▶ [PROBLEM]
For this task, output exactly the lines of the material below starting at the line with "Crispy Tofu Cubes in the Air Fryer fryerly" and ending at the line with "A complete backup of alinoma.jp"; pictures are to be excluded.

▶ [DATA PROVIDED]
>>>
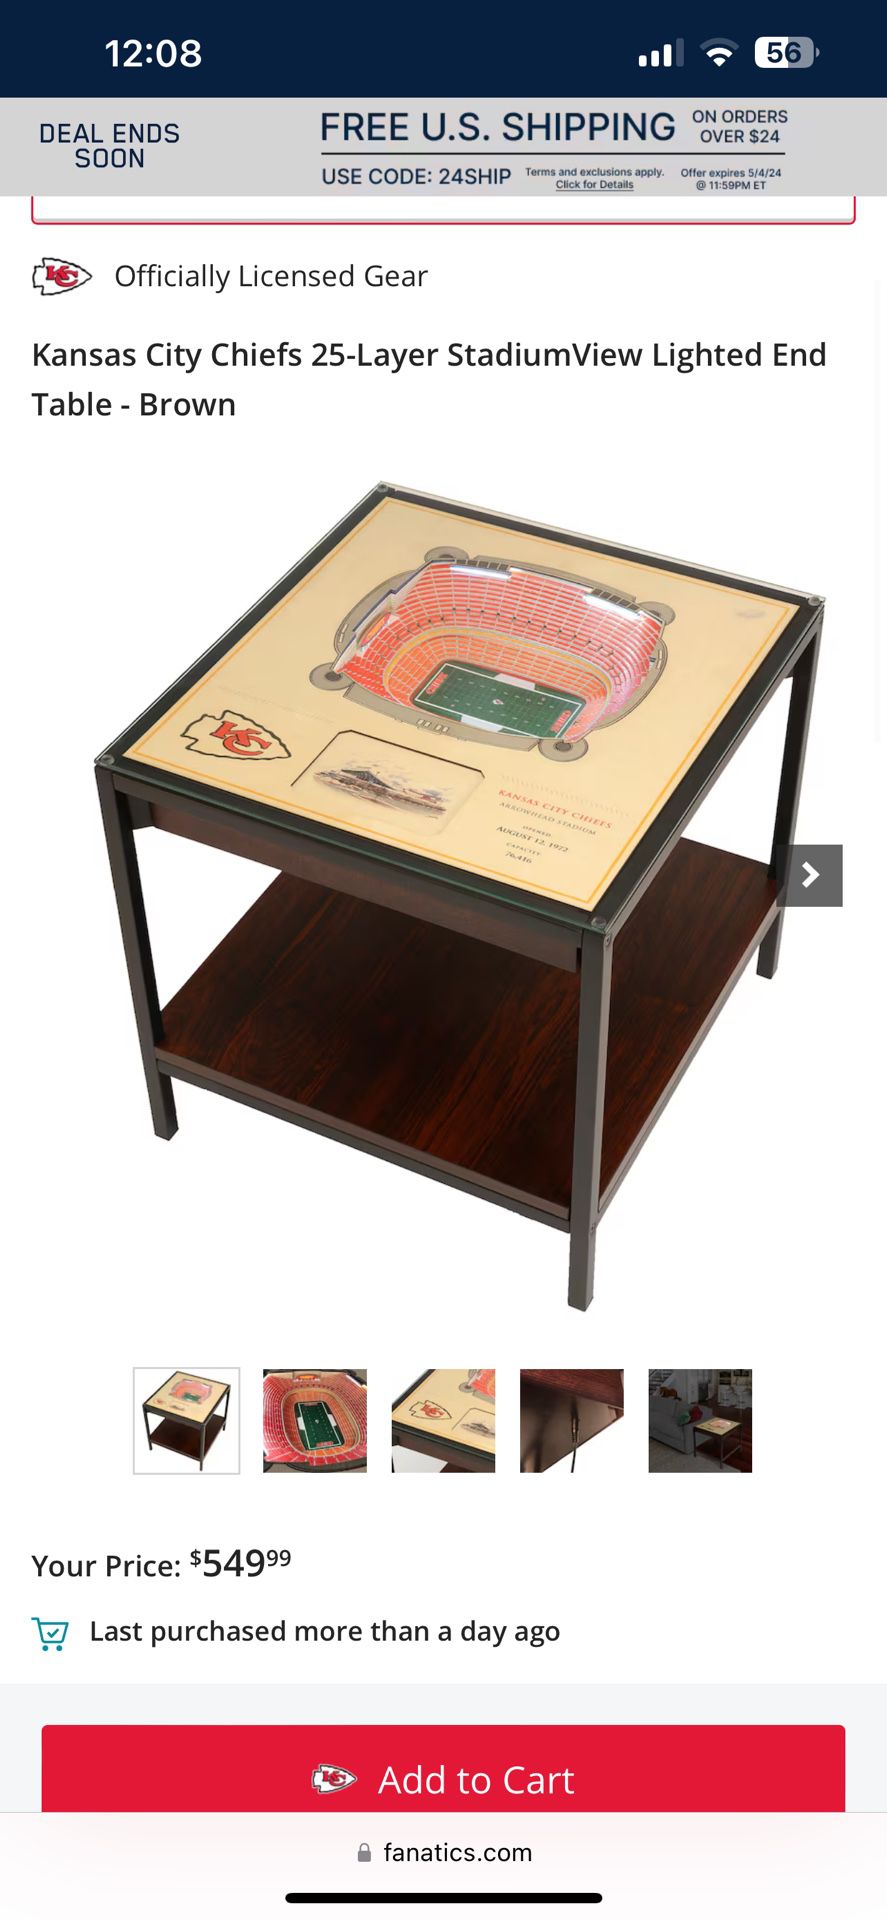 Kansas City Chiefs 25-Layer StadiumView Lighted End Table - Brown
<<<
>>>
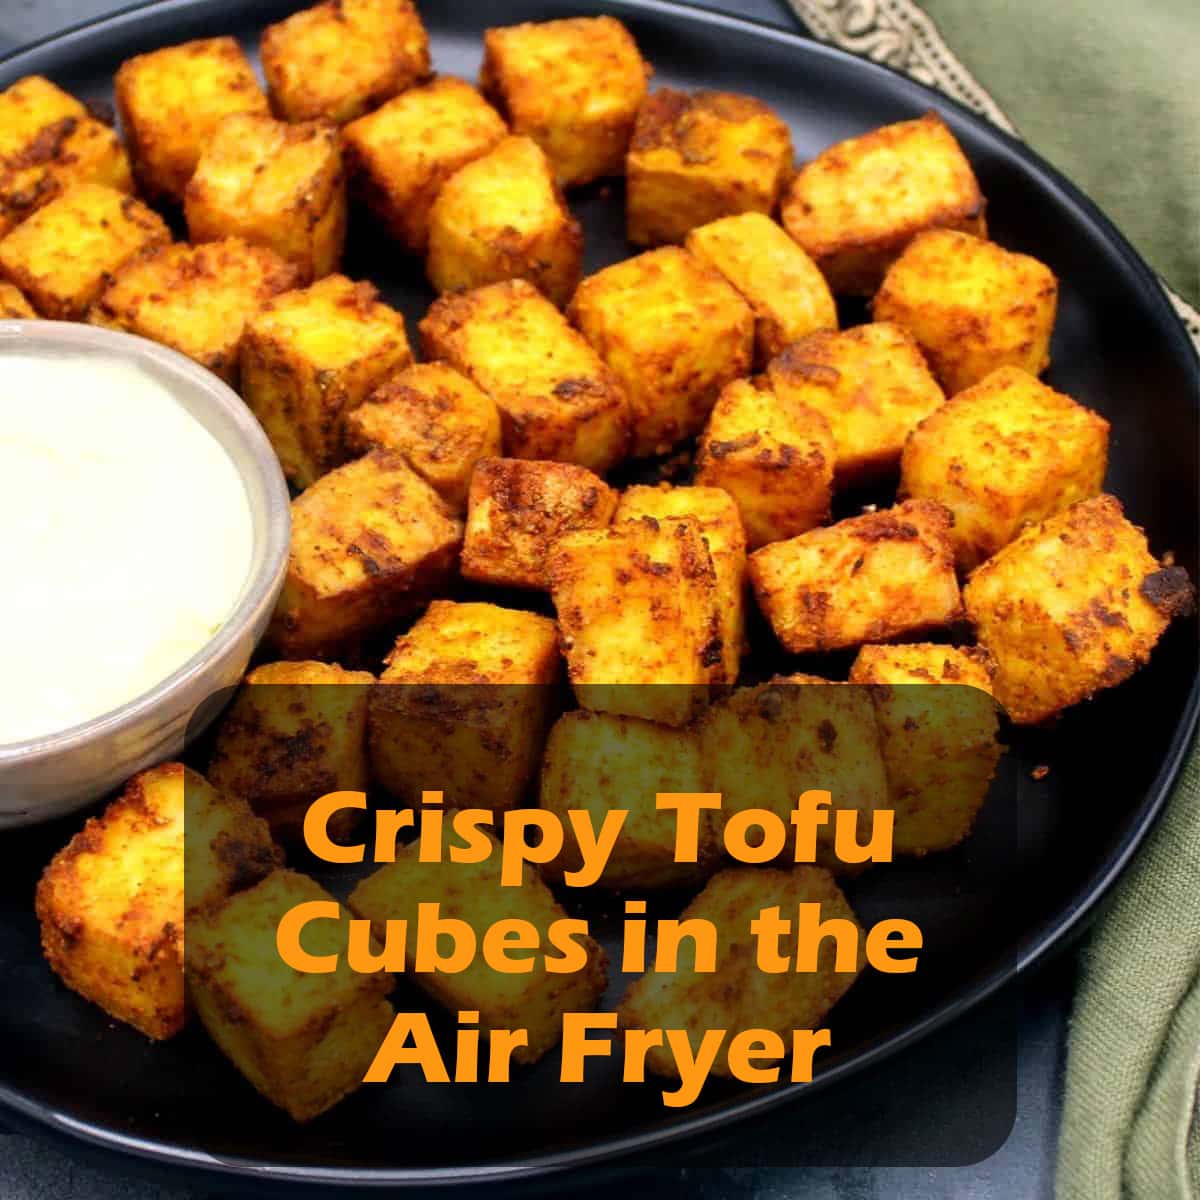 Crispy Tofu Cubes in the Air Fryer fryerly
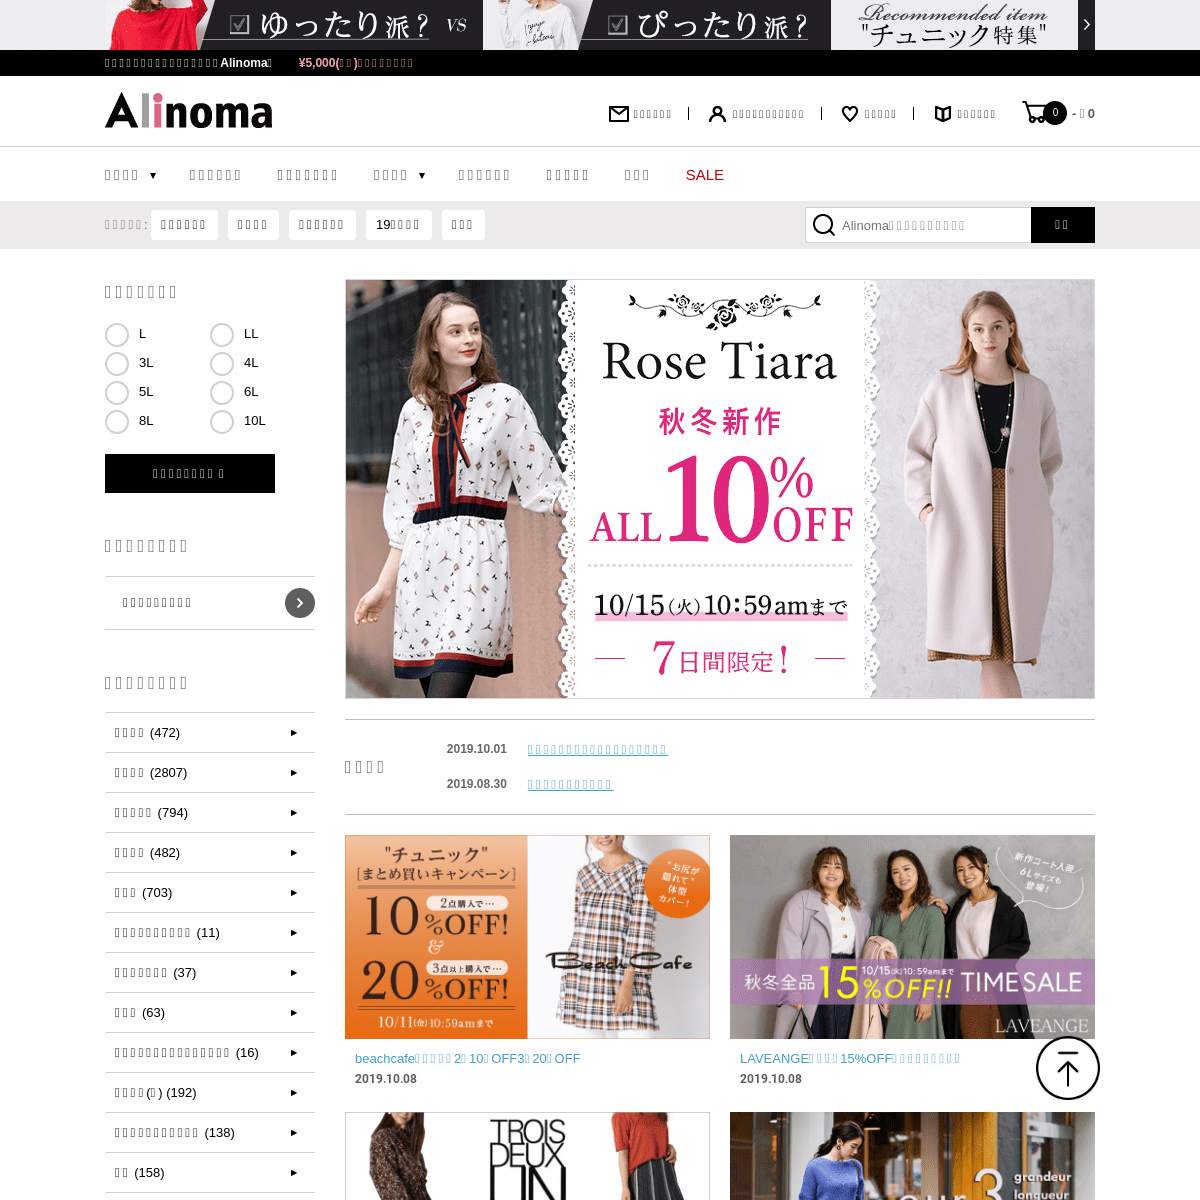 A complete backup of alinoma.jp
<<<
>>>
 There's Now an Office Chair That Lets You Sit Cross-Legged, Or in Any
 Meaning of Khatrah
<<<
▶ [ANSWER FOR THIS EXERCISE]
 Crispy Tofu Cubes in the Air Fryer fryerly
 A complete backup of alinoma.jp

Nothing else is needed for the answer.